Впрочем, художники-неоакадемисты вошли в историю не только дионисийскими буйствами. Напротив, их симпатии оказались на стороне Аполлона — если воспользоваться любимой дихотомией Ницше. Гармония, красота и порядок противостоят хаосу и вселенскому смешению — так можно сформулировать их девиз. Они отрицали современное искусство, забывшее о красоте, и предлагали обратиться к истокам. Например, к античности — с его понятием калокагатии: единства внутренней и внешней красоты. Культ тела — еще один элемент их картины мира. Недаром они были пионерами рейв-вечеринок (можно вспомнить масштабную Gagarin Party в 1991-м): между танцем и совершенным телом — самая прямая связь. Так что увлечения неоакадемистов, несмотря на любовь к классике, отнюдь не были нафталиновыми.
И, конечно, такие художники могли появиться только в Петербурге — с его строгими проспектами, пышными колоннами и декадентской увядающей красотой. В 1980—1990-е окно в Европу еще оставалось открытым, но рамы уже покосились и краска осыпалась. Осень европейской культуры очаровала неоакадемистов, и они решили подхватить знамя, когда-то выпавшее из рук самих европейцев.
Егор Остров — один из ярких художников круга Новой академии изящных искусств. Тимур Новиков писал о нем: «С самого начала своей творческой карьеры он стремился совмещать академические представления о красоте с элементами компьютерного искусства. Первые серии его работ были выполнены в растровой технологии. Это были картины на мифологические сюжеты, изображавшие юношей и девушек на фоне античных пейзажей, отражающие интерес художника классическому наследию».
На камерной московской выставке «Увертюра. Гармония над хаосом» в галерее «Е.К.АртБюро» можно увидеть 12 работ Острова, выполненных в его фирменной растровой технике. Ангелы, музицирующие на арфах и лютнях, отсылают к образам Ренессанса — интерференция традиции и современности. Любопытно, что в 90-е, в эпоху господства contemporary art, увлечение классикой выглядело маргинальным жестом. А еще — панковским: поэтому сравнение с русским авангардом кажется уместным (хотя Ларионов сотоварищи мечтали победить старое искусство, а неоакадемисты наоборот — надеялись в нем спастись). Тема музыки снова напоминает о дихотомии, прославленной Ницше: философ вроде бы находил в мелодии и дионисийскую стихийность, и аполлоническую строгость. Однако в работах Егора Острова однозначно царят гармония и стройность — это музыка небесных сфер.
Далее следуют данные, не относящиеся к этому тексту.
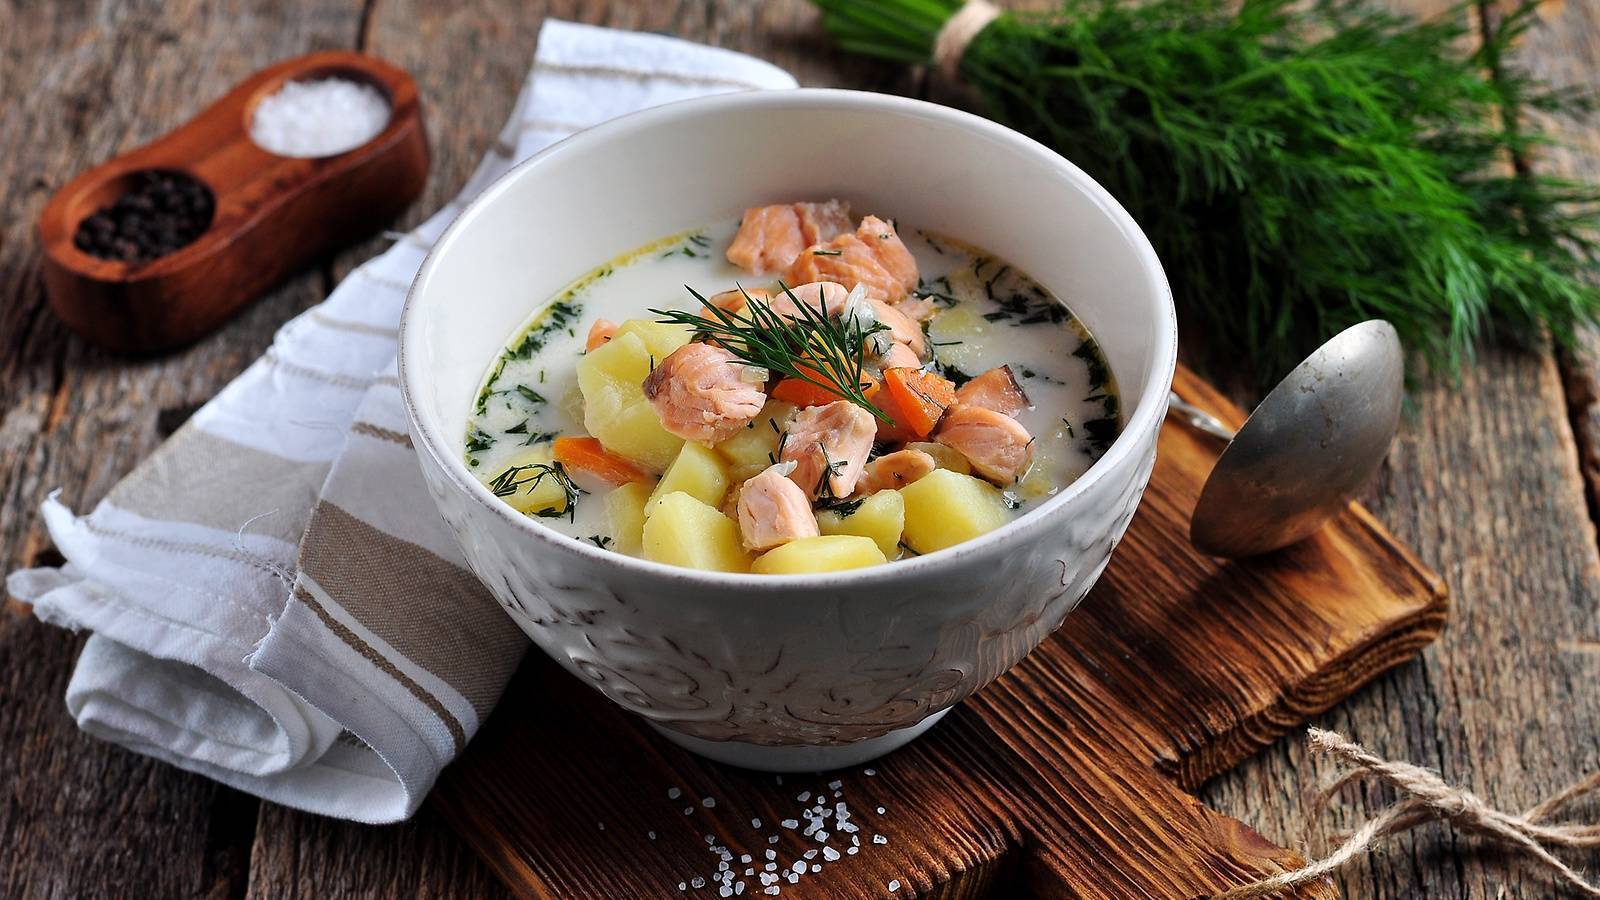 Суп (уха) из форели со сливками по-фински - правильный рецепт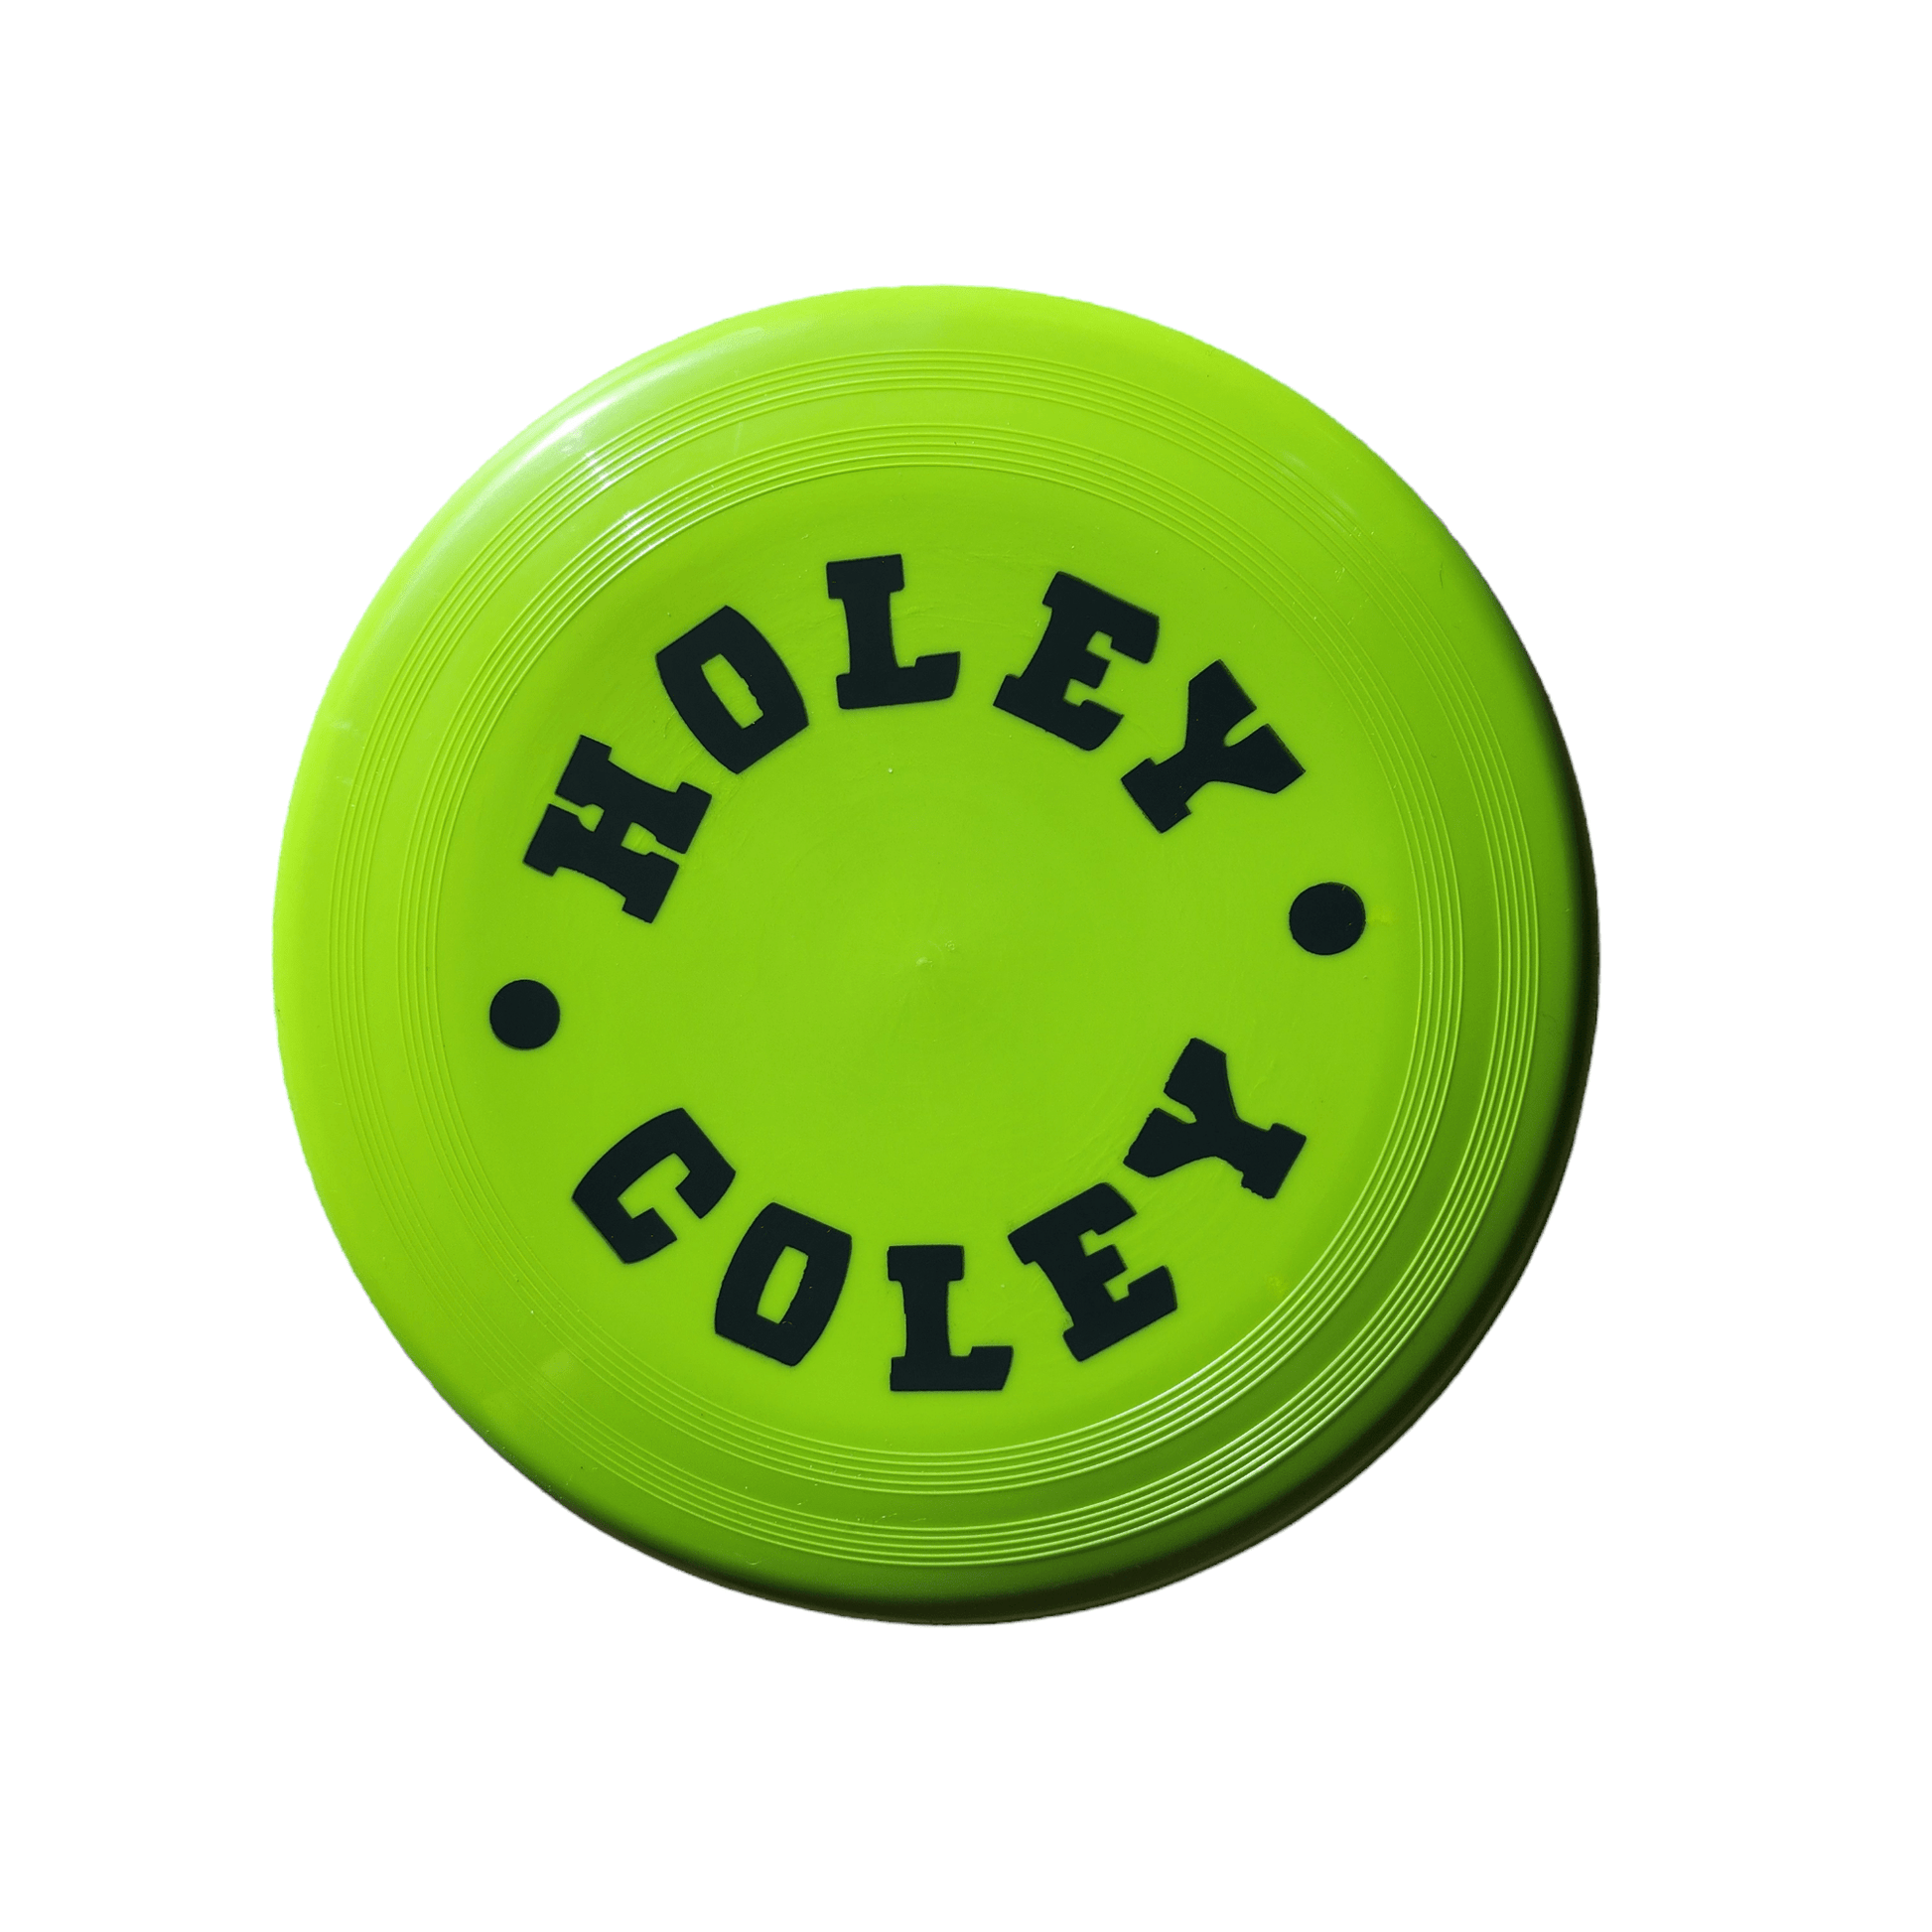 Frisbee - holeycoley.nz

«Культура» пообщалась с Егором Островым.
— Нынешний проект — увертюра к вашей ретроспективной выставке, которая скоро откроется в Москве?
— Да, проект «re:Renaissance» должен начать работу 26 октября 2022 года в залах РОСИЗО. В отличие от гуманистического искусства эпохи Возрождения модернизм являет собой искусство трансгуманистическое. Модернистский проект вреден для человечества. И будущая выставка ставит вопрос: доколе мы будем находиться в рамках модернистского проекта, переделывая его в постмодернизм, метамодернизм и какой угодно модернизм. Не пора ли сойти с этих рельсов и вернуться к истокам — традиционным духовно-нравственным ценностям.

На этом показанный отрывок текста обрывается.